Szukałem troche na necie i ktoś zaproponował żeby zainstalować xmms-xmmsmplayer zamiast xmms-wma bo właściwie mplayer ma kodeki win32 wiec powinien jako wtyczka do xmmsa odtwarzac wma.

Na razie tego nie robie bo właściwie to xmms-wma mam zainstalowany i wma mi czyta tylko podczas revdep-rebuild chce się przekompilować bo krzyczy ,że ma uszkodzoną biblioteke no i wtedy się wywala.

----------

## Gabrys

A można wiedzieć do czego używasz xmms-a? Jest już wywalony z portage, więc może czas przejść na Audaciousa?

----------

## Nomen

 *Gabrys wrote:*   

> A można wiedzieć do czego używasz xmms-a? Jest już wywalony z portage, więc może czas przejść na Audaciousa?

 

Dlatego ,że audacious nei ma wtyczki media-plugins/xmms-kde  :Razz: 

Jak się pojawi to może przejde na niego  :Smile: 

----------

## kneczaj

Ja np używam xmms ponieważ płynniej się w nim lista odtwarzania przewija i jak się przesuwa okno to nie zostawia śladów  :Razz: 

----------

## Gabrys

A mi pod berylem aplikacje na GTK1 wywracają X-a albo Xgl-a  :Sad: .

----------

## Yatmai

 *Quote:*   

> A można wiedzieć do czego używasz xmms-a? Jest już wywalony z portage, więc może czas przejść na Audaciousa?

 

Nie czepiaj się chłopaka, sam próbuje się zaprzyjaźnić z Audaciousem, ale z każdym dniem coraz bardziej widzę, że to tania, niedopracowana podróbka Xmms'a  :Razz: 

Btw, musiałeś coś w konfiguracji skopać, bo mnie Xmms co prawda zajmuje troche procka przy berylu/xgl ale nie wpływa na stabilność  :Smile: 

----------

## Gabrys

 *Art.root wrote:*   

> Btw, musiałeś coś w konfiguracji skopać, bo mnie Xmms co prawda zajmuje troche procka przy berylu/xgl ale nie wpływa na stabilność 

 

No sam XMMS to nie wiem, bo nie mam, ale GTKtalog np. wywraca mi X-a albo Xgl-a.

----------

## backfire

Audacious jest za bardzo nie dopracowany, probowalem sie przesiasc na niego ale bez powodzenia, xmms kroloje nadal u mnie, teraz co prawda z overlaya jest bo ktos wyrzucil go z glonego portage  :Sad: 

----------

## Nomen

Wywaliłem xmms-wma i zainstalowałem xmmplayer.
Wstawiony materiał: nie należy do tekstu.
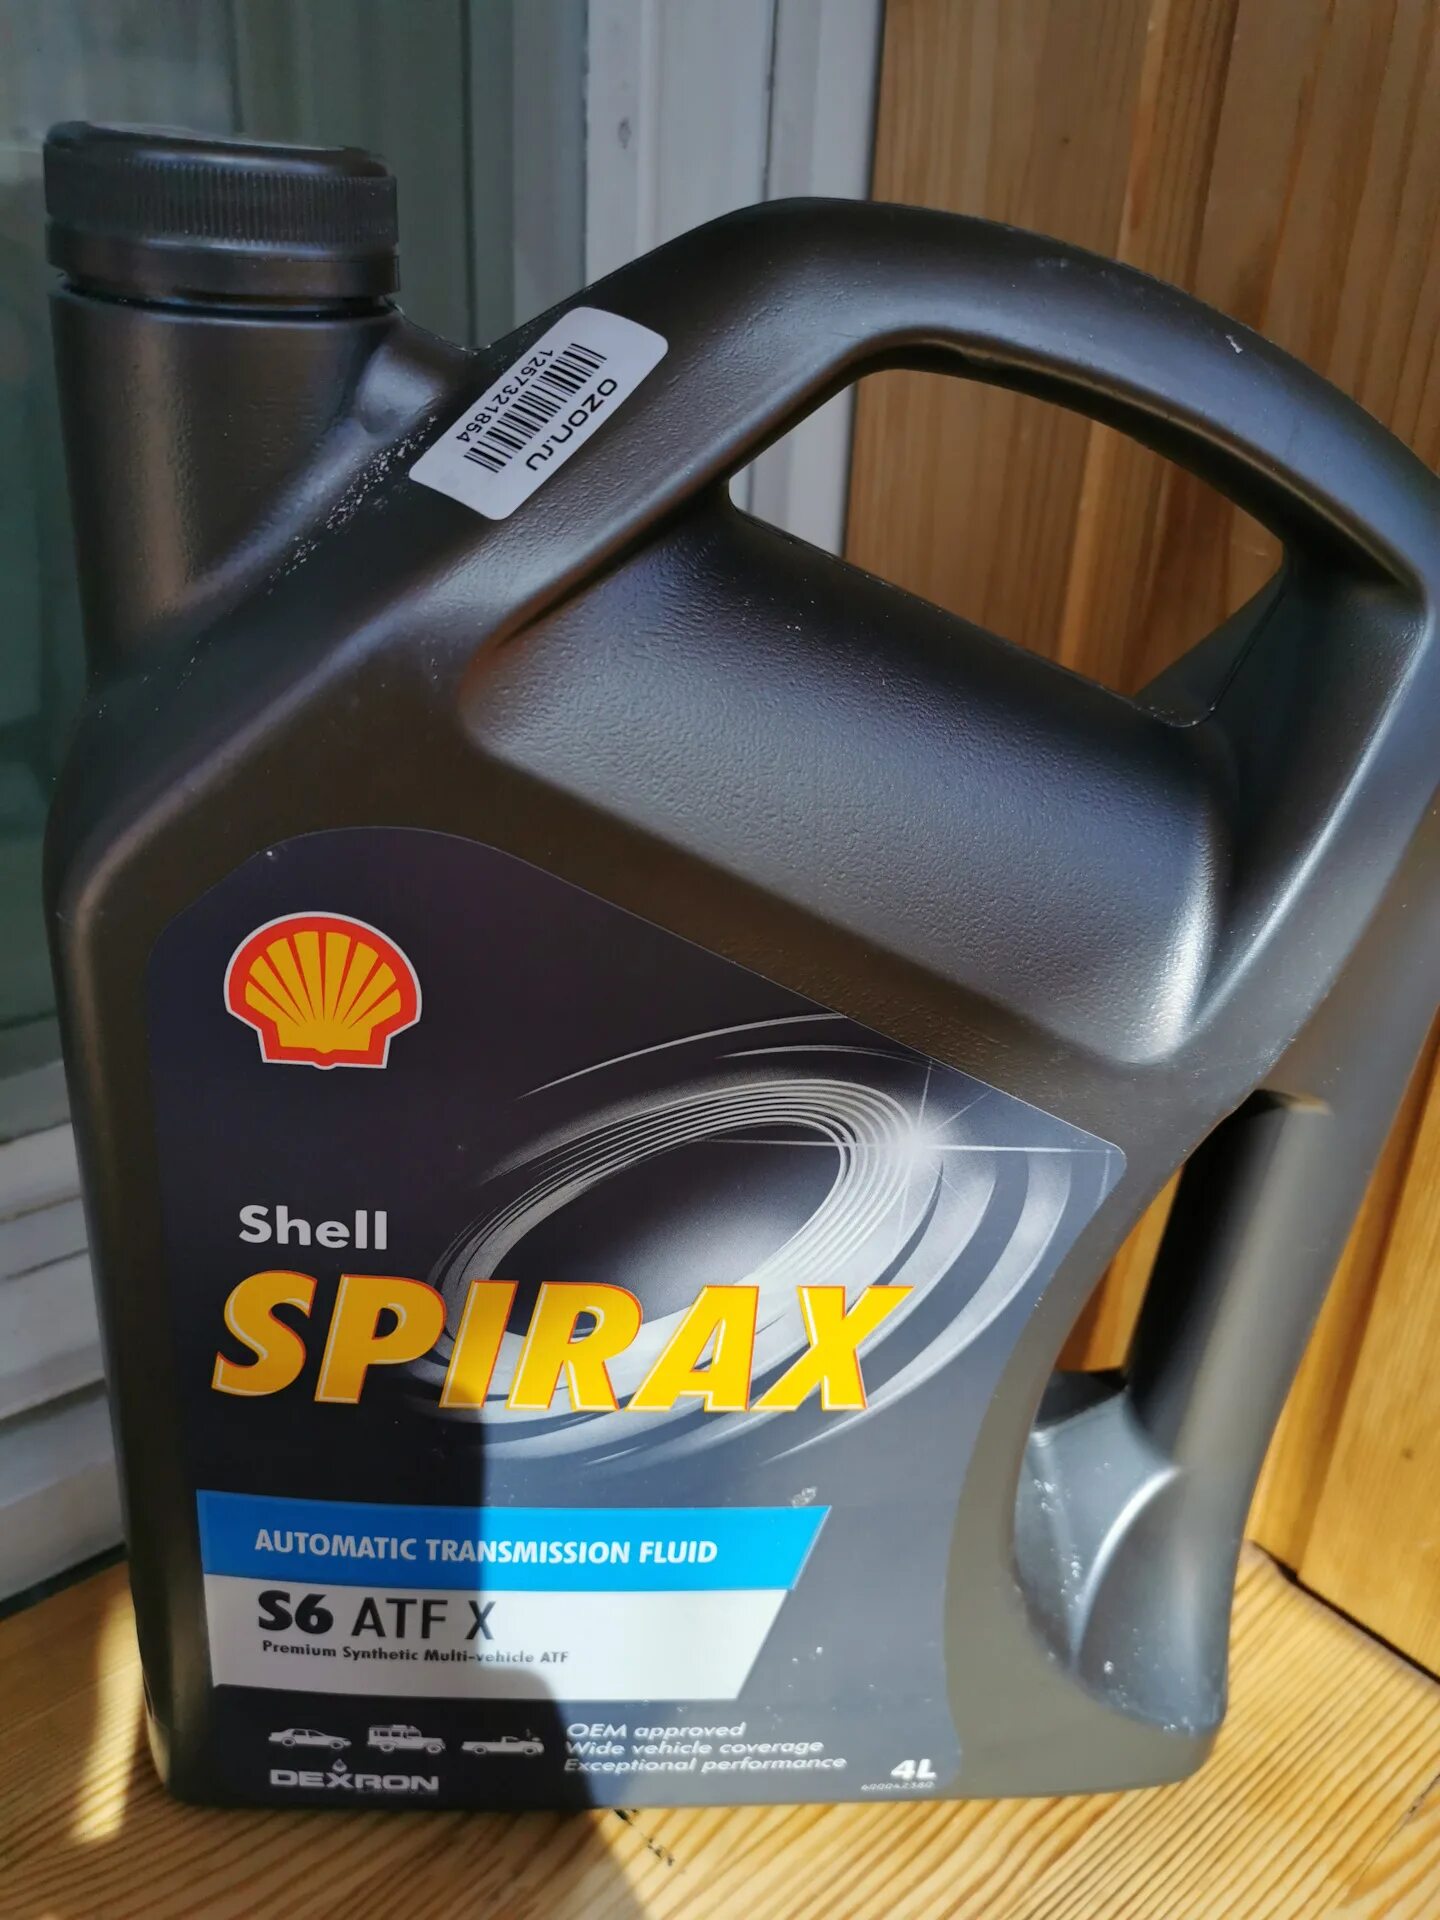 Shell s6 atf x. Shell Spirax s6 ATF X. Shell Spirax s6 ATF X 4 допуски. Shell Spirax s6 ATF X 550046519 масло трансмиссионное Shell Spirax s6 ATF X 1 Л 550046519. АТФ s6 ZM Шелл.

Działa jak marzenie  :Smile: 

Jeszcze się trochę pobronię przed audaciousem.

Daję SOLVED bo rozwiązałem swój problem chociąż faktycznie xmms-wma nadal się wywala przy kompilacji.

----------

## Gabrys

A tak właściwie, to skąd miałeś tego xmms-wma? Z overlaya zugaina?

(A teraz przeczytacie to zdanie jeszcze raz i zobaczcie ilu słów z niego nie zrozumie zwykły człowiek  :Wink:  ).

----------

## Nomen

 *Gabrys wrote:*   

> A tak właściwie, to skąd miałeś tego xmms-wma? Z overlaya zugaina?
> 
> (A teraz przeczytacie to zdanie jeszcze raz i zobaczcie ilu słów z niego nie zrozumie zwykły człowiek  ).

 

Z kilku różnych miejsc, dlatego zrezygnowałem bo się wysypywały wszystkie.

Ostatnie 2 które pamietam to z betacomp-overlay oraz z tej stronki http://rapidshare.com/files/15960707/xmms.tar.gz.tar.bz2.html

W każdym razie temat dla mnie zakończony.

----------